- TASK STATEMENT:
From the entries below, reproduce exactly the lines from the one with "PPT - Henri" through the one with "The Dogfather Hounds Unisex T-Shirt. Black", both included, without images.

***** LISTED ENTRIES

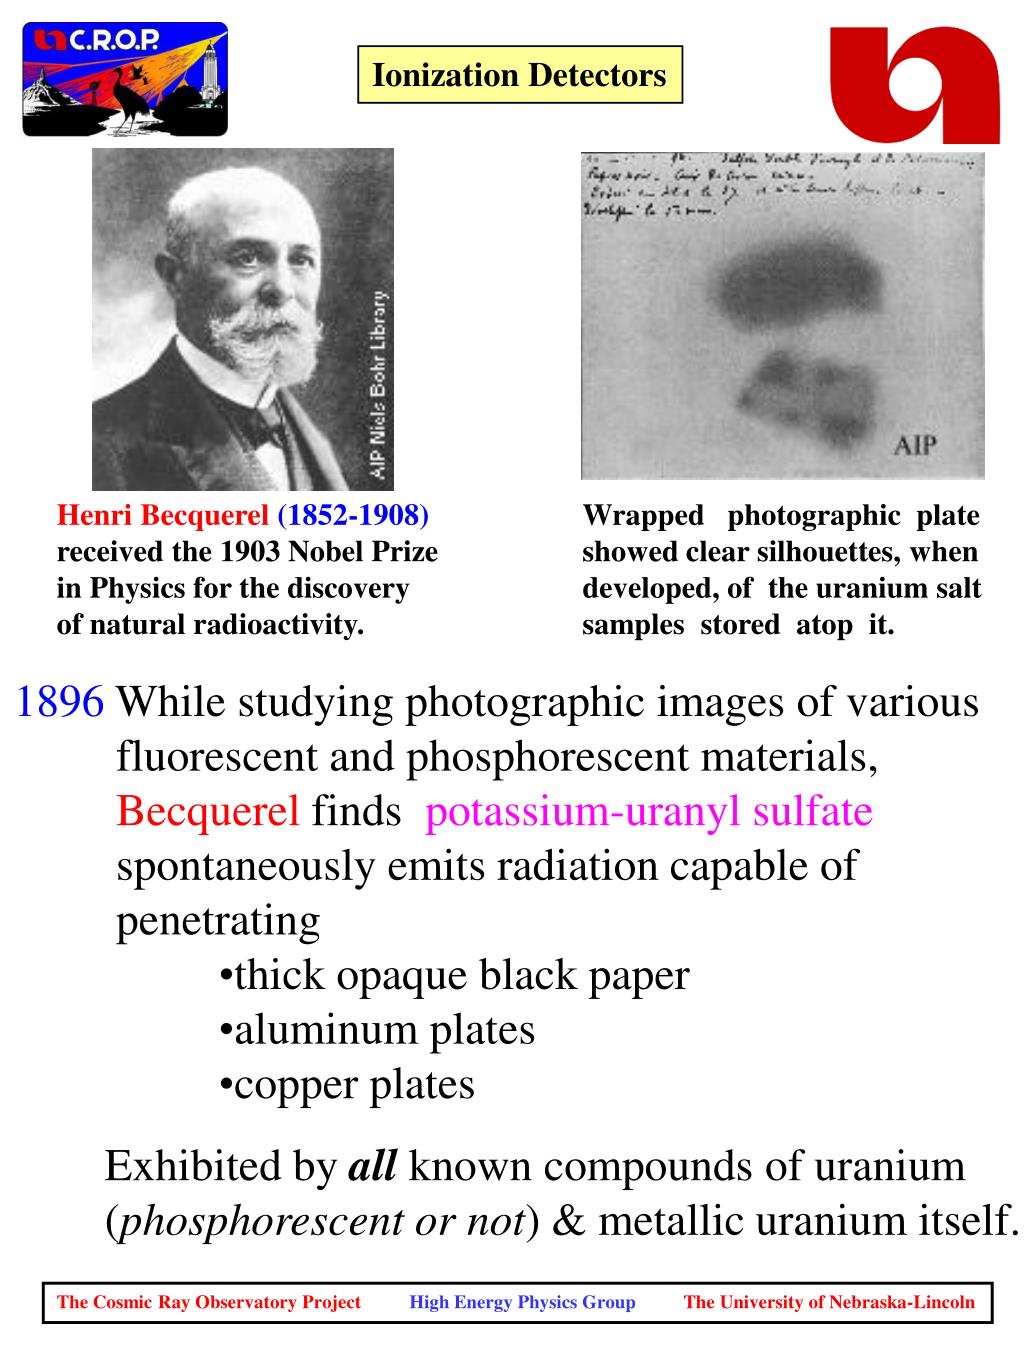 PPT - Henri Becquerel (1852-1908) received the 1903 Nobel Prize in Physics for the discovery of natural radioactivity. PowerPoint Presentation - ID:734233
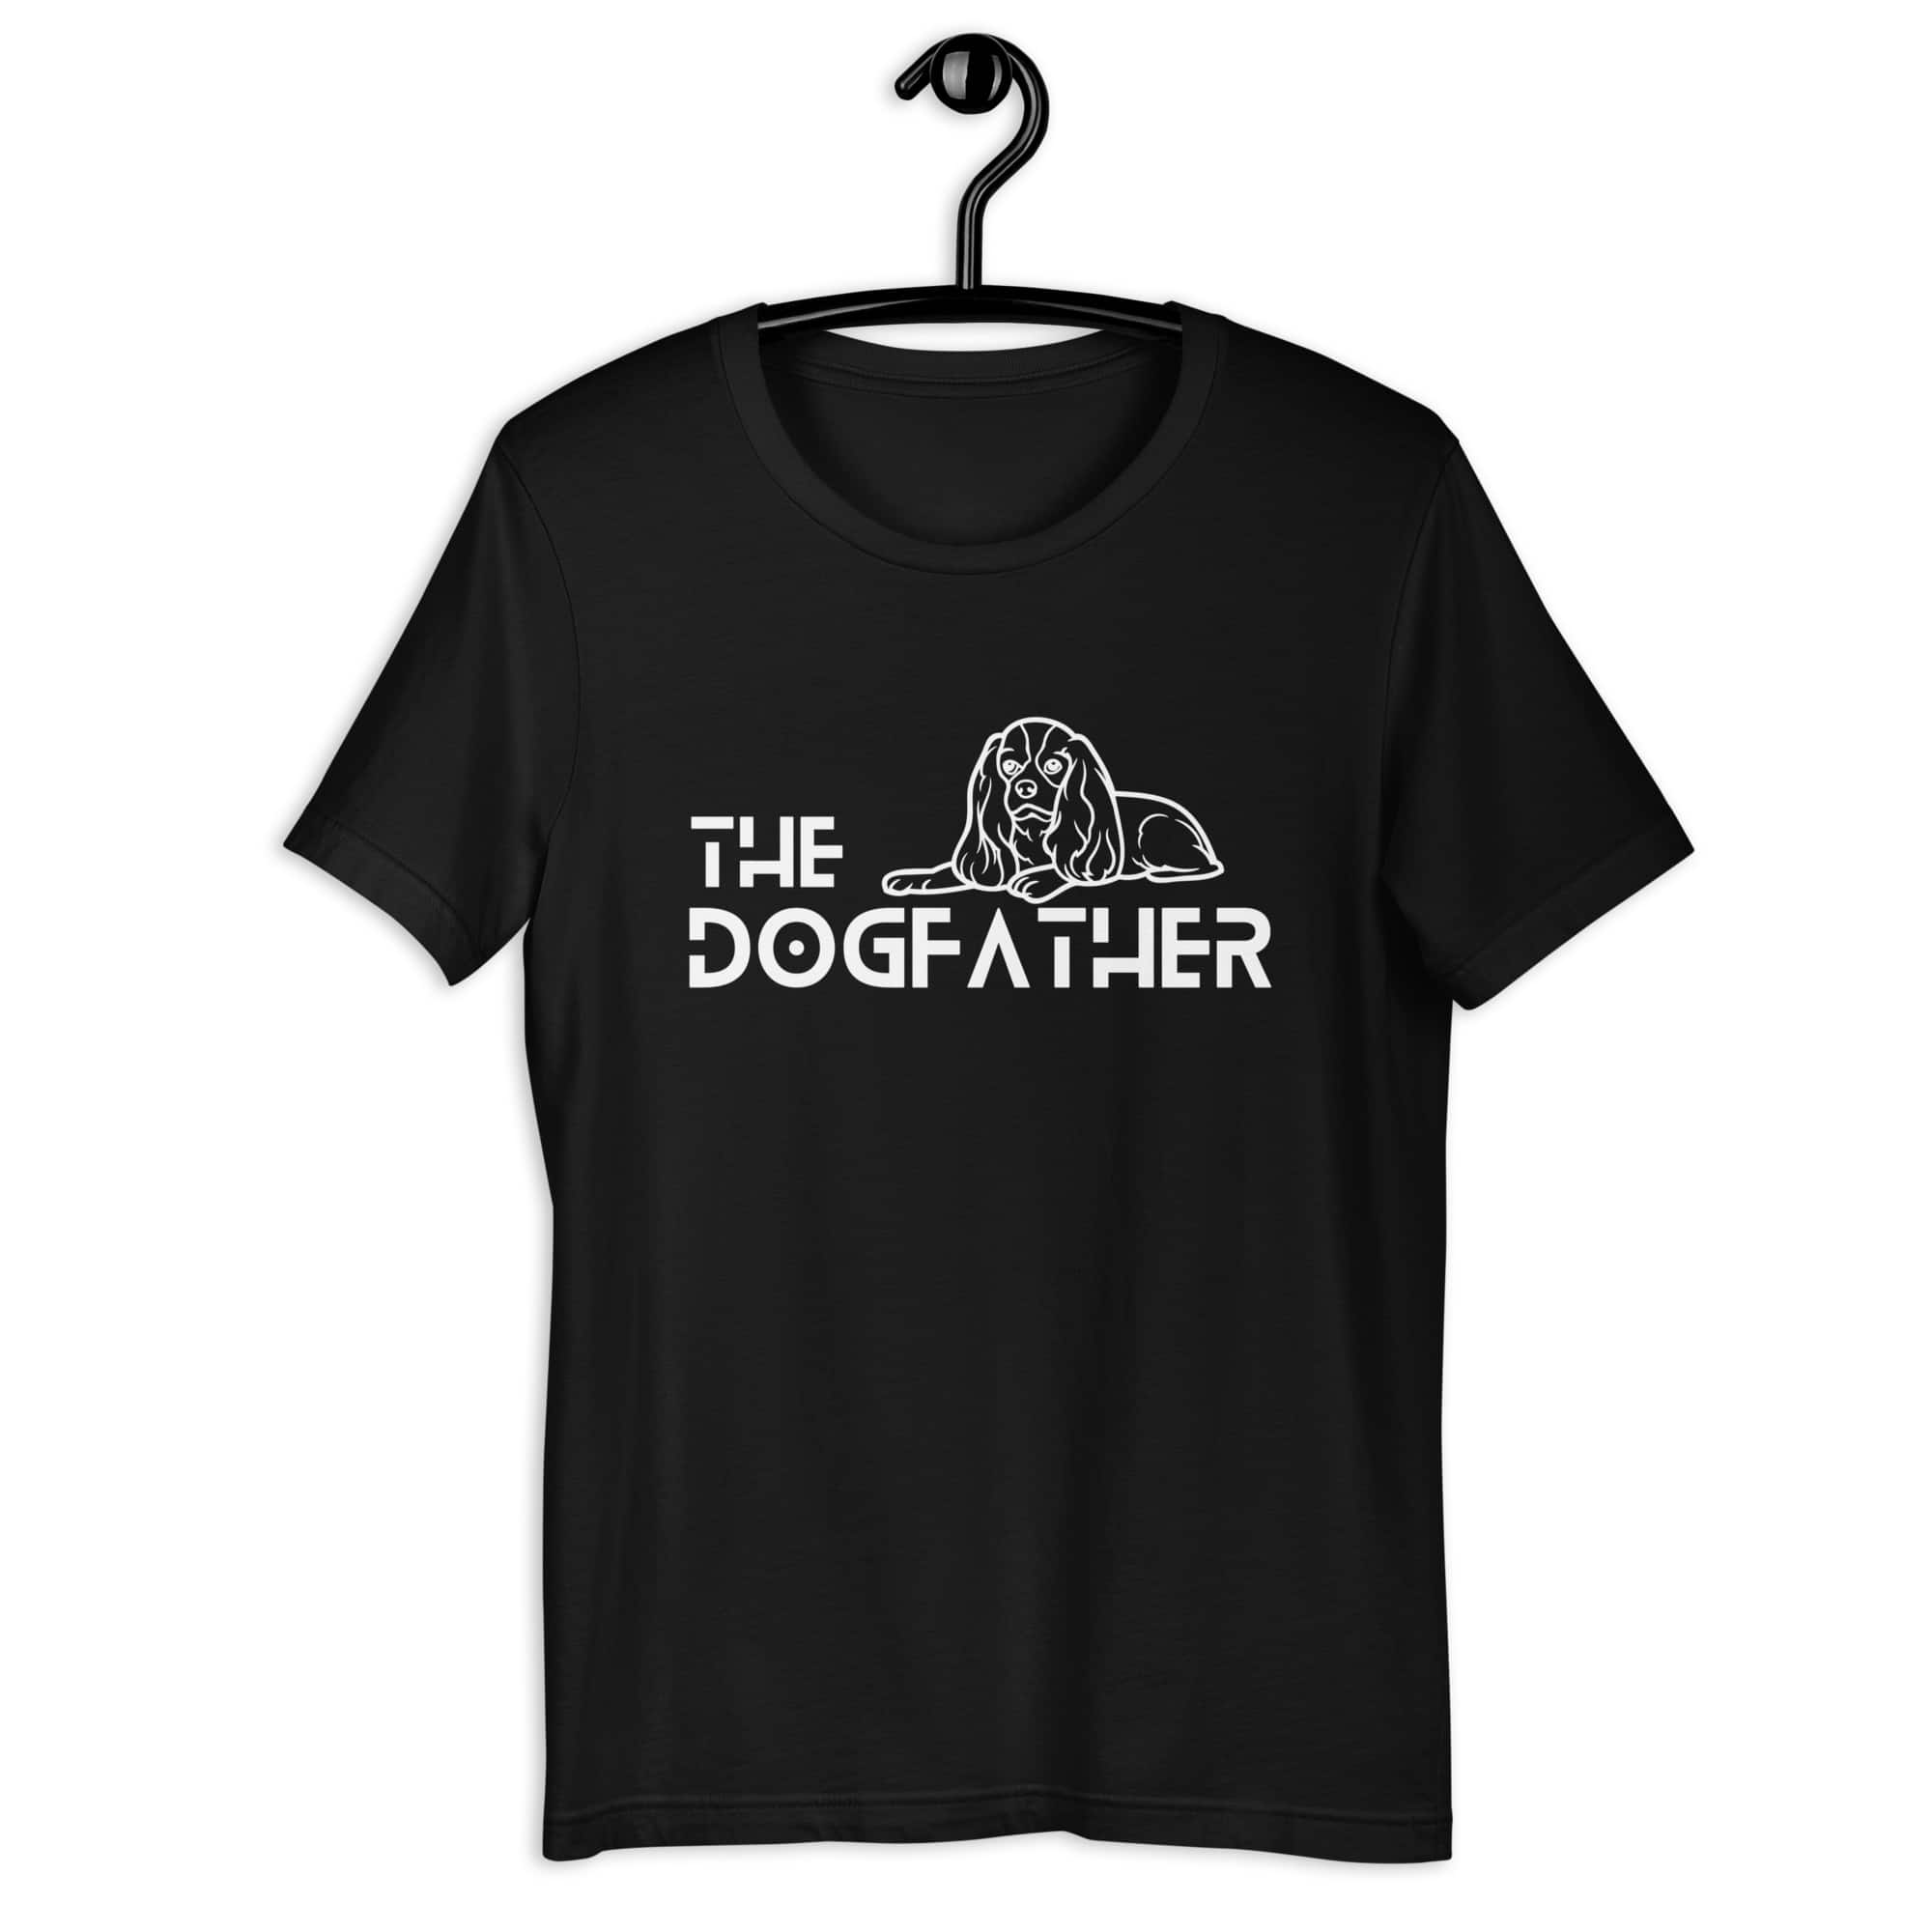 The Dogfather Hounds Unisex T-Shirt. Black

**********
***** LISTED ENTRIES

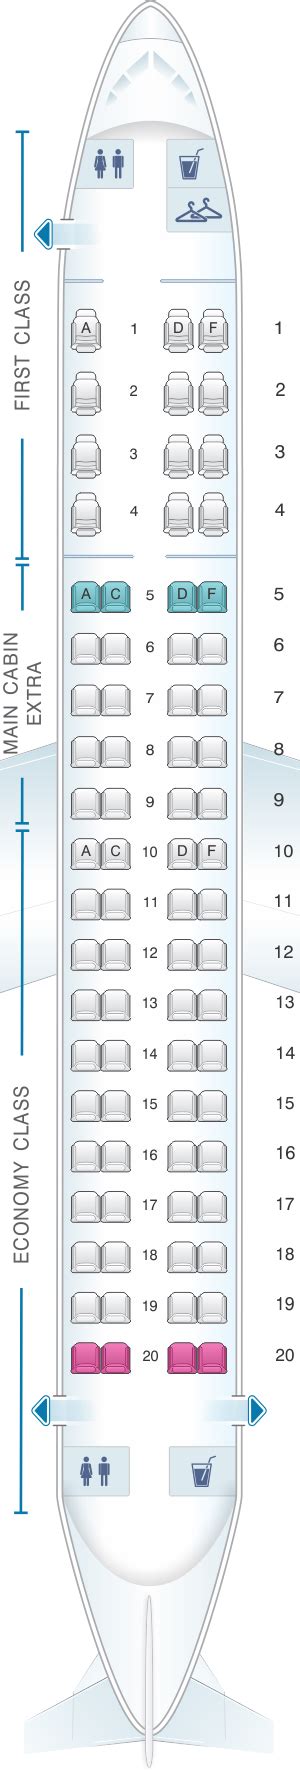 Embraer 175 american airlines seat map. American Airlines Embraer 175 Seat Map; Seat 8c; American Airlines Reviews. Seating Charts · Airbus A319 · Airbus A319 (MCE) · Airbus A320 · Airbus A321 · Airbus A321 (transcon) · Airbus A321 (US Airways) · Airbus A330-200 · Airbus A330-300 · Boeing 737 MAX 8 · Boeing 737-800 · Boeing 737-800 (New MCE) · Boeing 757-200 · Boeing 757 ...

**********
***** LISTED ENTRIES

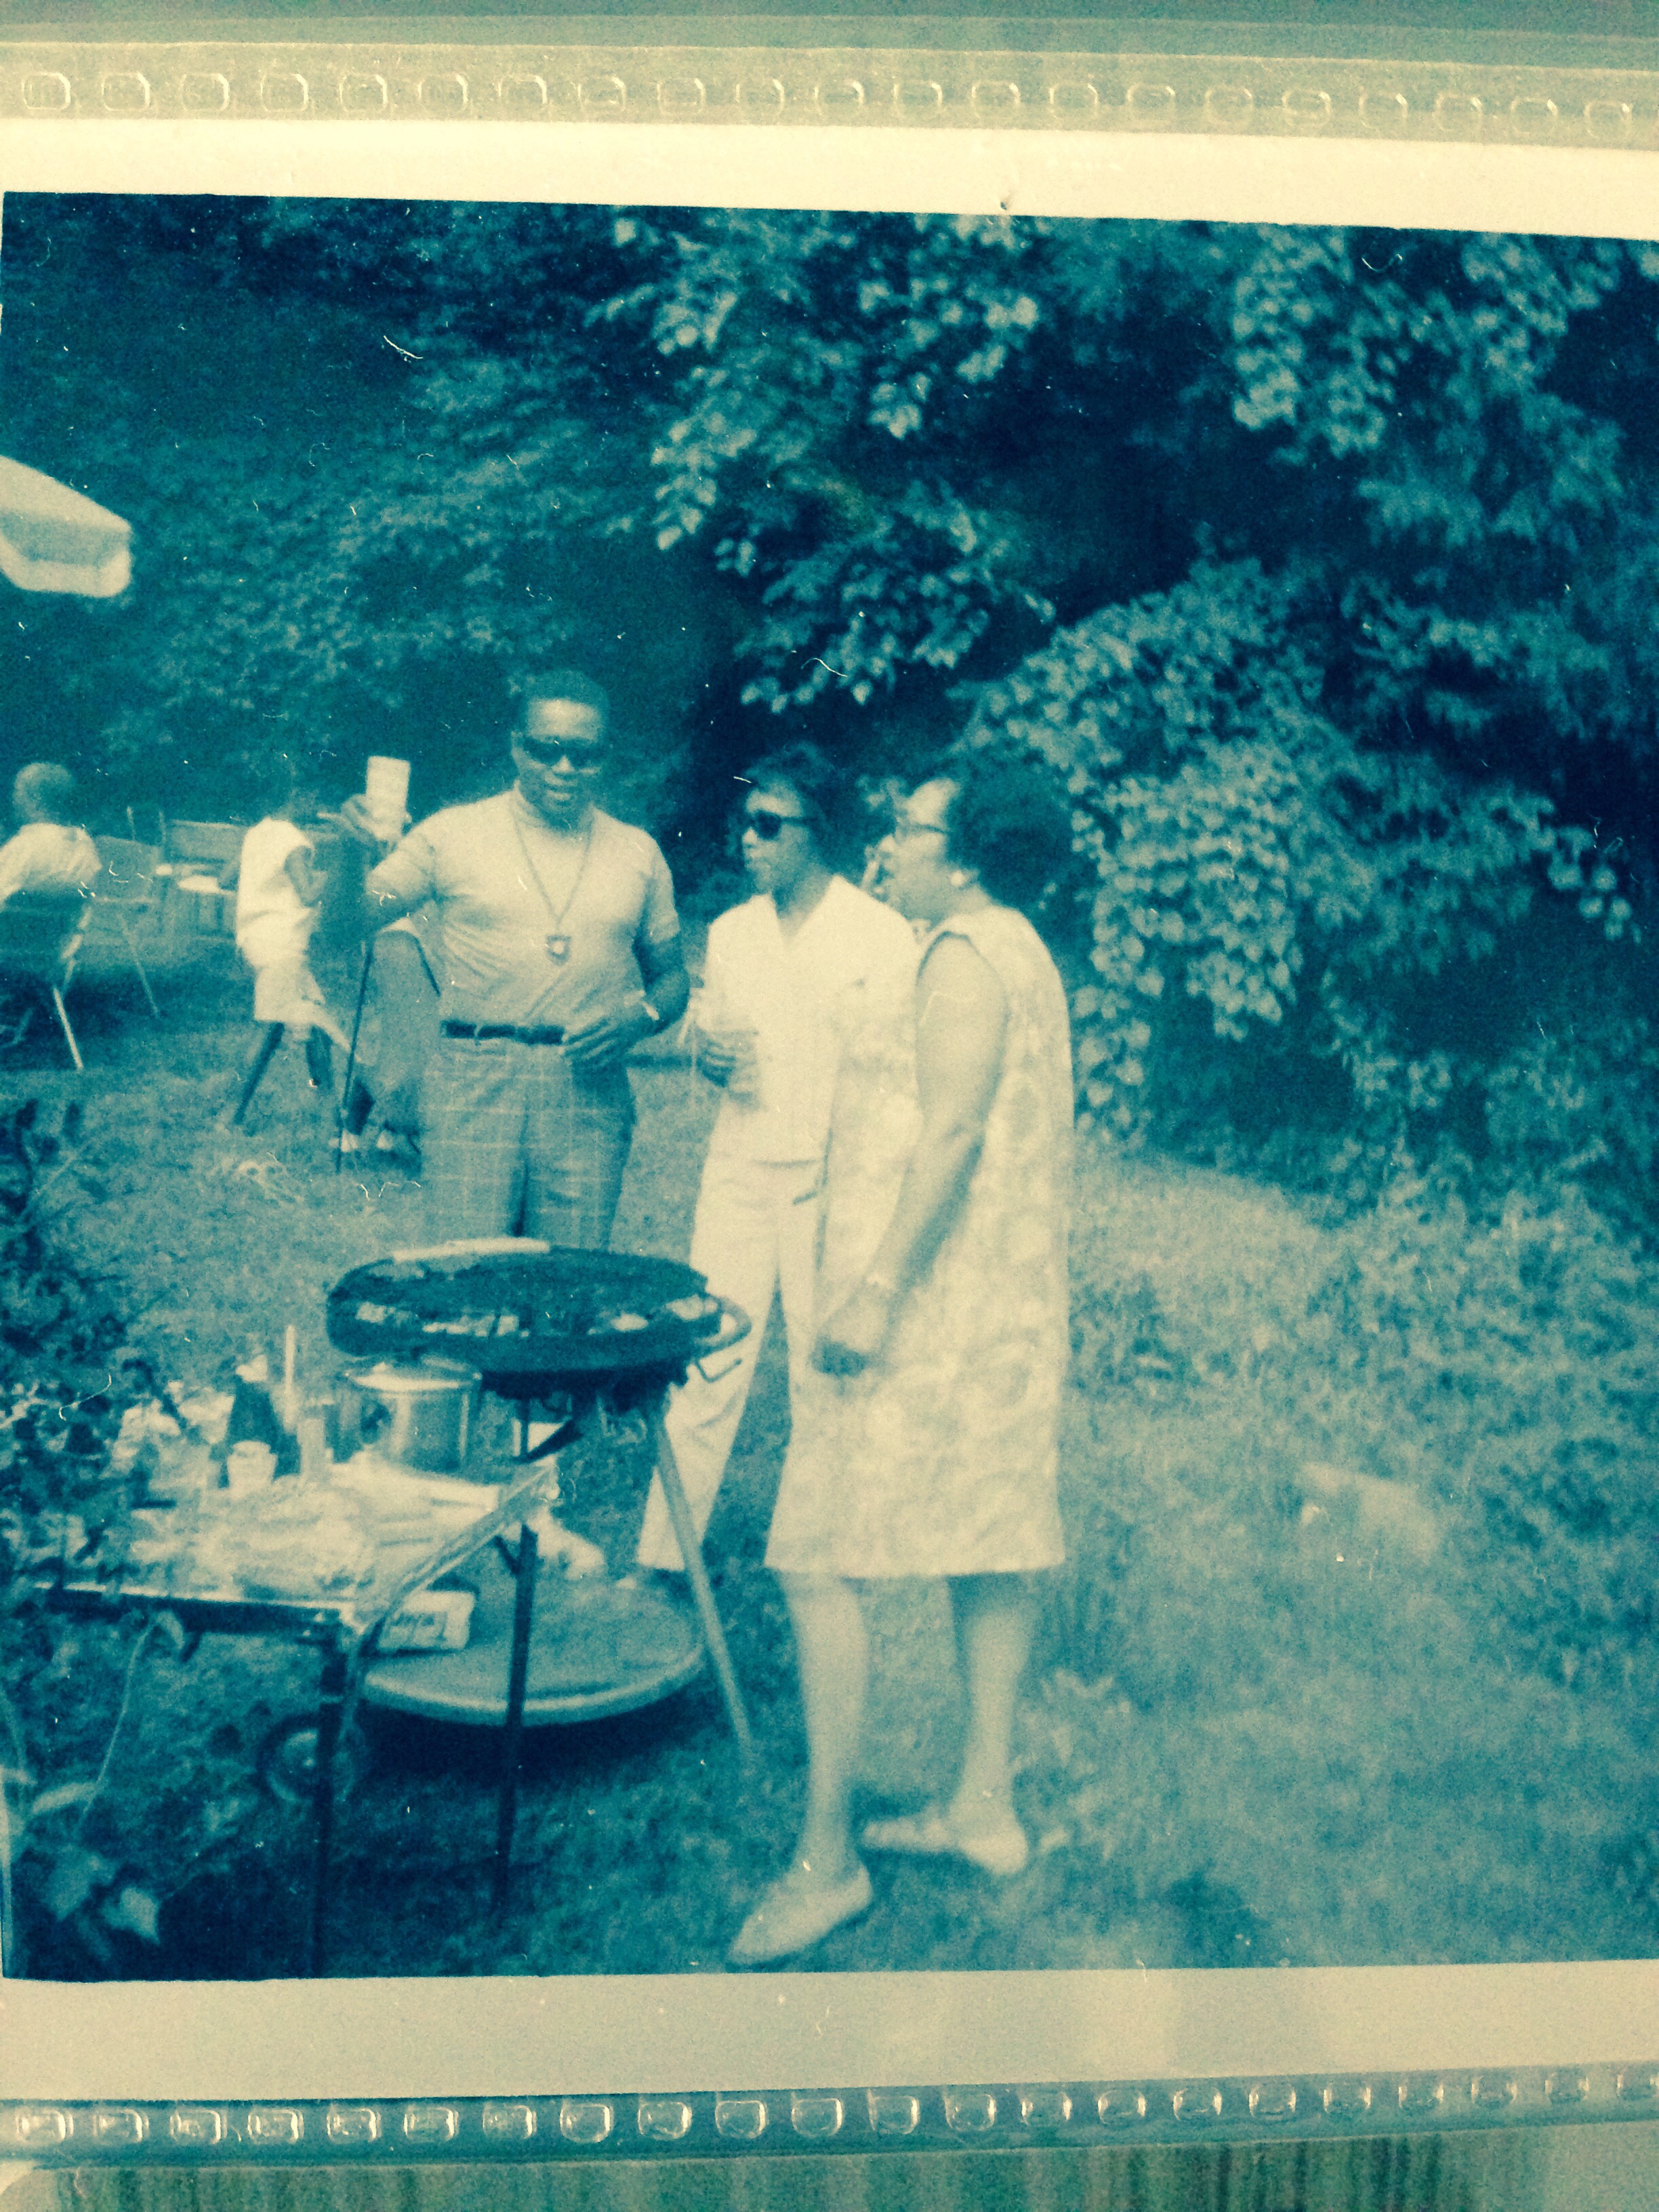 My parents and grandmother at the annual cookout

**********

- RESULT FOR THIS TASK:
 PPT - Henri Becquerel (1852-1908) received the 1903 Nobel Prize in Physics for the discovery of natural radioactivity. PowerPoint Presentation - ID:734233
 The Dogfather Hounds Unisex T-Shirt. Black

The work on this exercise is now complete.